New York (awp/afp) - La Banque centrale américaine est intervenue en urgence mardi et mercredi sur le marché monétaire pour éviter un emballement des coûts d'emprunts à court terme pour les banques et les entreprises. Une opération qui est loin d'être anodine.

A quoi sert le marché monétaire ?

Les institutions financières et les entreprises viennent sur le marché monétaire pour prêter ou emprunter de l'argent sur des durées très courtes, d'un jour à un an. Généralement considéré comme très sûr, c'est un outil essentiel au bon fonctionnement de l'économie.

Sur ce marché sont échangés divers instruments, comme des bons du Trésor émis par les gouvernements, des billets de trésorerie émis par des entreprises privées ou des pensions sur titres (repo ou repurchase agreement en anglais).

Ces dernières sont utilisées par les entreprises ou les banques dans le but d'emprunter ou de prêter des fonds à très court terme avec, en hypothèque, des titres très sûrs comme les bons du Trésor. Le jour suivant, les emprunteurs remboursent l'argent plus les intérêts.

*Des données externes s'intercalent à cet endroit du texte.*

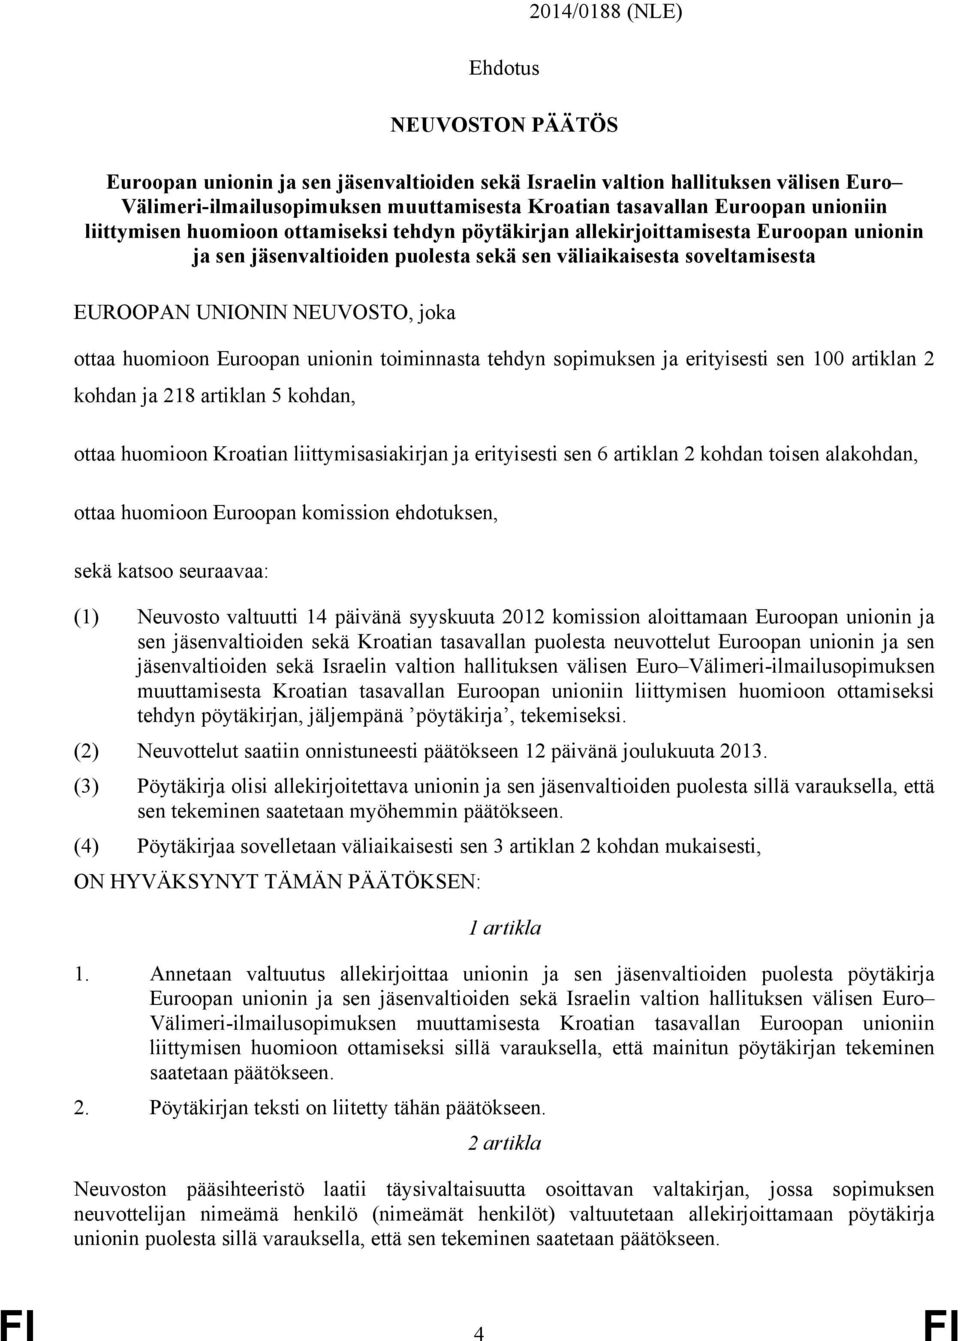 liittymisasiakirjan ja erityisesti sen 6 artiklan 2 kohdan toisen alakohdan, ottaa huomioon Euroopan komission ehdotuksen, sekä katsoo seuraavaa: (1) Neuvosto valtuutti 14 päivänä syyskuuta 2012

Les taux utilisés sont généralement proches de ceux fixés par la Fed, actuellement entre 2% et 2,25%.

Les emprunteurs s'assurent ainsi d'avoir, à un faible coût, suffisamment d'argent pour faire face à leurs obligations au jour le jour et pour maintenir un niveau suffisant de réserves.

Les prêteurs ayant à leur disposition beaucoup de liquidités peuvent faire un peu de bénéfices sans prendre beaucoup de risques.

Cet instrument est beaucoup utilisé par les banques, qui calculent chaque soir leurs besoins de financement.

Pourquoi la Fed est-elle intervenue ?

Les taux d'intérêt sur le marché monétaire américain ont bondi lundi et mardi, jusqu'à 10% pour certains emprunts, surprenant les courtiers.

Les raisons exactes de cette envolée, qui traduit un manque soudain de liquidités, ne sont pas très claires.

Plusieurs observateurs avancent le fait que lundi était la date limite pour le versement trimestriel des impôts de nombreuses entreprises, qui ont dû en conséquence retirer de l'argent de leurs comptes, et que la Banque centrale a procédé récemment à des ventes massives sur le marché des bons du Trésor.

Plus généralement, les réserves des banques ont beaucoup baissé depuis que la Fed qui, après la crise financière de 2008, a injecté massivement des liquidités sur les marchés financiers en abaissant les taux d'intérêt à près de zéro et en rachetant des titres sur les marchés, a décidé de ralentir son soutien monétaire.

"Il semble que beaucoup de cash soit sorti du système ces derniers jours et que la demande en dollars était plus importante que le nombre de dollars en circulation", résume Gregori Volokhine, de Meeschaert Financial Services.

Pour calmer les marchés et éviter que les taux ne s'emballent trop, la Fed a décidé d'intervenir en apportant de l'argent frais via des pensions de titres, à hauteur de 53 milliards de dollars mardi et de 75 milliards mercredi.

Est-ce inquiétant?

Les investisseurs se demandent si la soudaine envolée des taux sur le marché monétaire est un problème mécanique et temporaire ou si elle révèle des dysfonctionnements plus profonds dans le système financier.

Le spectre de la crise financière de 2008 plane: les banques, craignant que leurs homologues ne fassent soudainement faillite, ne se prêtaient alors plus d'argent entre elles.

Pour Kit Juckes, analyste à la Société Générale, "il s'agit bien plus d'un problème de plomberie causé par un changement soudain dans les dynamiques d'offre et de demande en bons du Trésor que le symptôme d'une menace fondamentale pour le système ou l'économie mondiale" comme c'était le cas en 2007/2008.

"Mais la seule façon pour la Fed de reprendre le contrôle (des taux) va être de prendre des mesures pour s'assurer qu'il y a suffisamment de liquidités disponibles à court terme", ajoute-t-il.

"La grosse question est de savoir pourquoi la Fed n'a-t-elle pas vu venir cette situation", remarque pour sa part Gregori Volokhine.

Le patron de l'institution, Jerome Powell, a tenté de rassurer en affirmant mercredi que les interventions d'urgence de la Fed n'avaient "aucune implication pour l'économie ou la politique monétaire" et en soulignant que la Fed "disposait des outils nécessaires pour faire face aux tensions".